_BRIEF_: Repeat all the lines below exactly, but omit the pictures.

_SOURCE MATERIAL_:
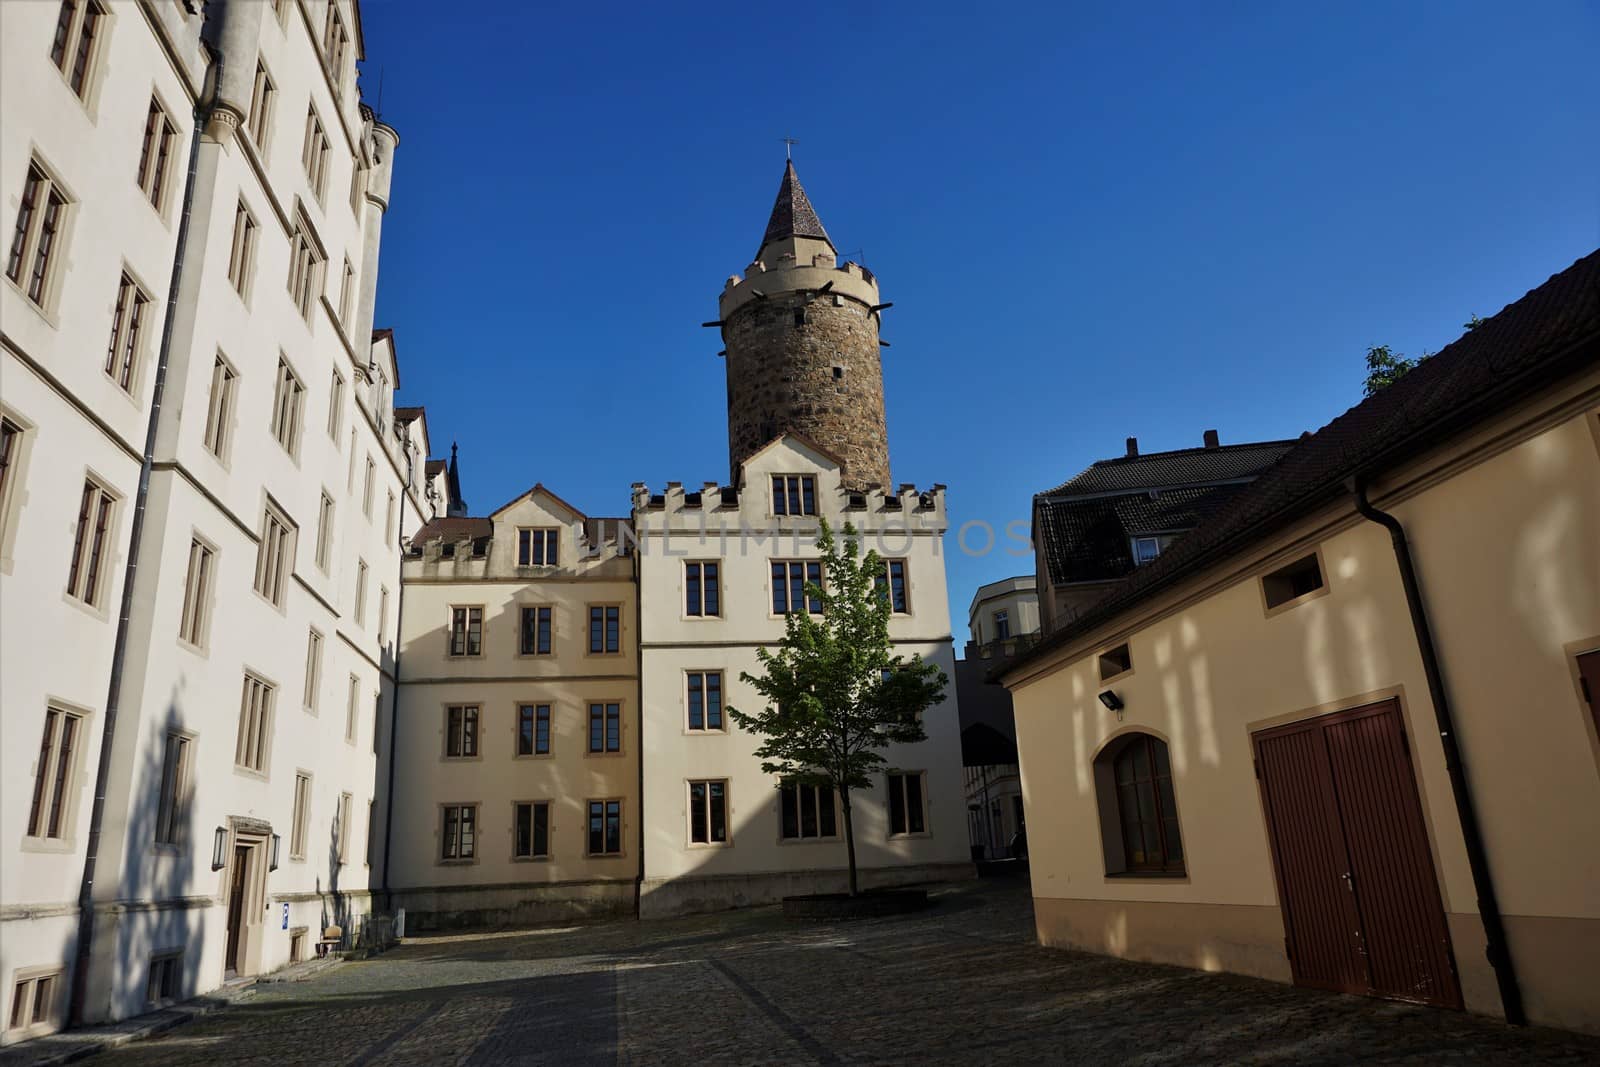 Wendish tower in Bautzen, Germany behind old caserne
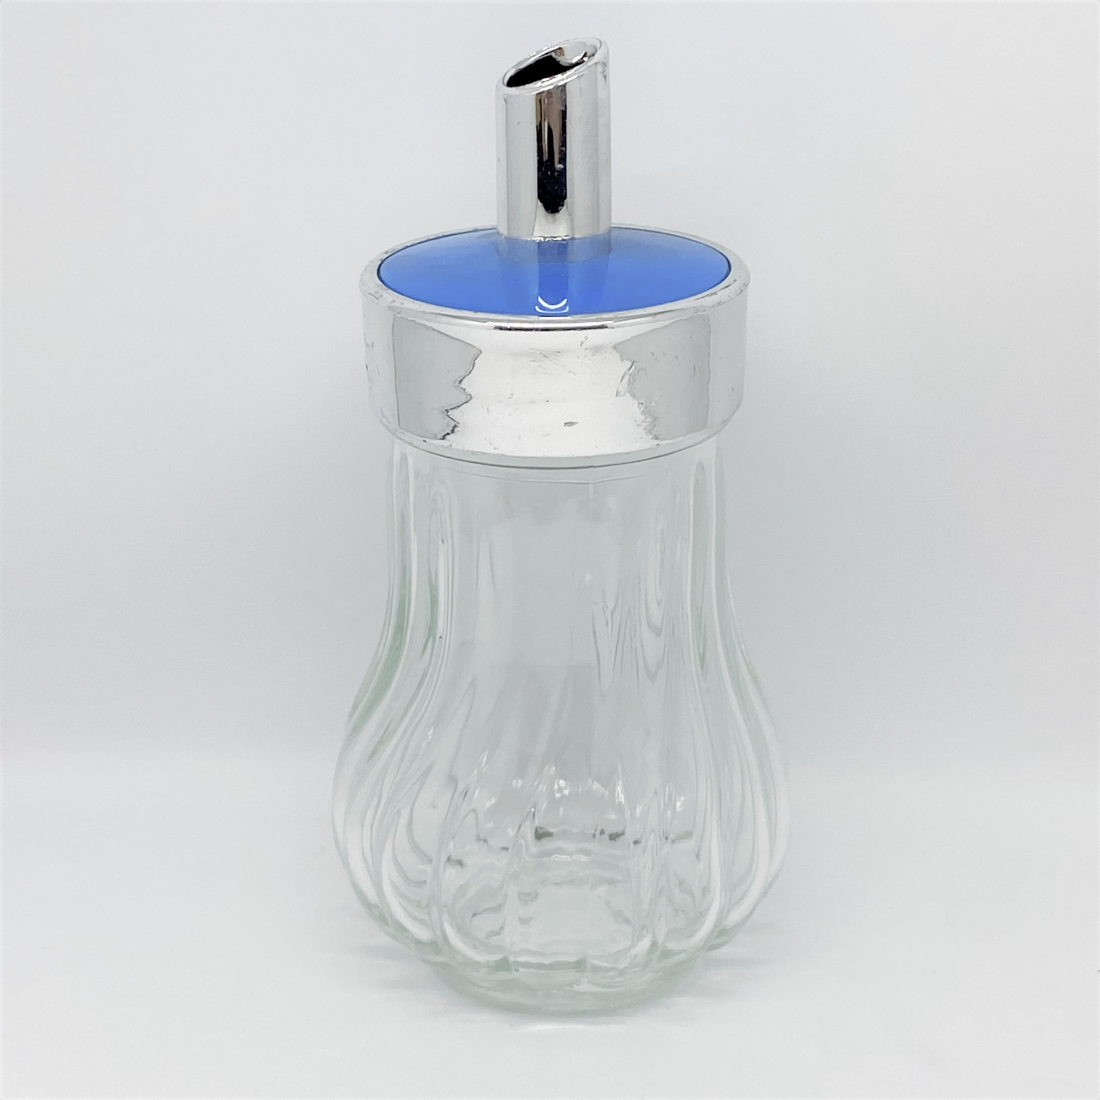 Azucarero Dosificador De Cristal Y Acero Inoxidable, tapa de rosca de acero  inoxidable, con dosificador (Tubo/diámetro 7,5 cm, altura: 17 cm
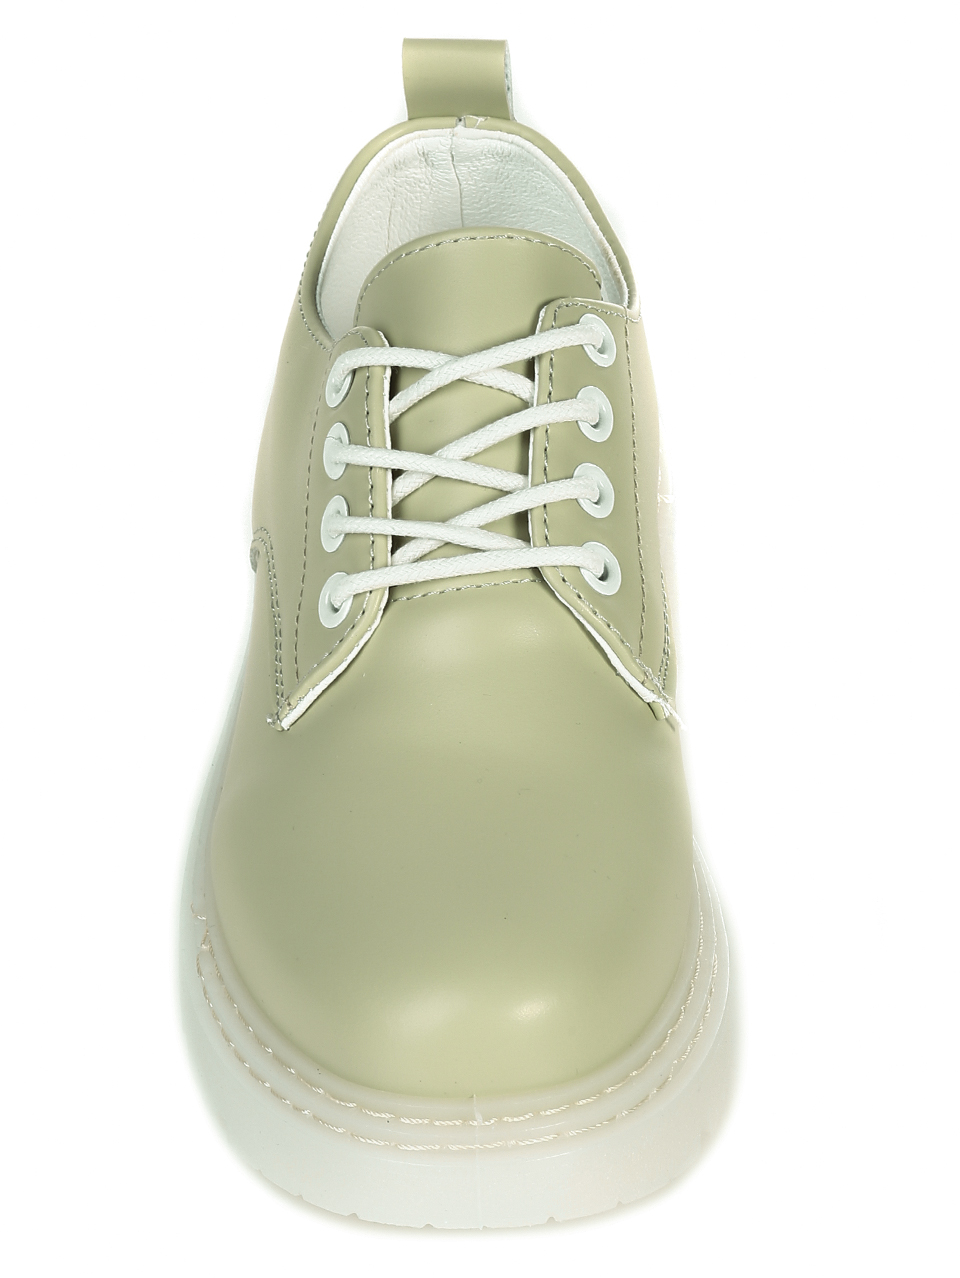 Ежедневни дамски обувки в зелено 3U-21015 green

_EXERCISE RESPONSE_:
 Wendish tower in Bautzen, Germany behind old caserne
 Azucarero Dosificador De Cristal Y Acero Inoxidable, tapa de rosca de acero  inoxidable, con dosificador (Tubo/diámetro 7,5 cm, altura: 17 cm
 Ежедневни дамски обувки в зелено 3U-21015 green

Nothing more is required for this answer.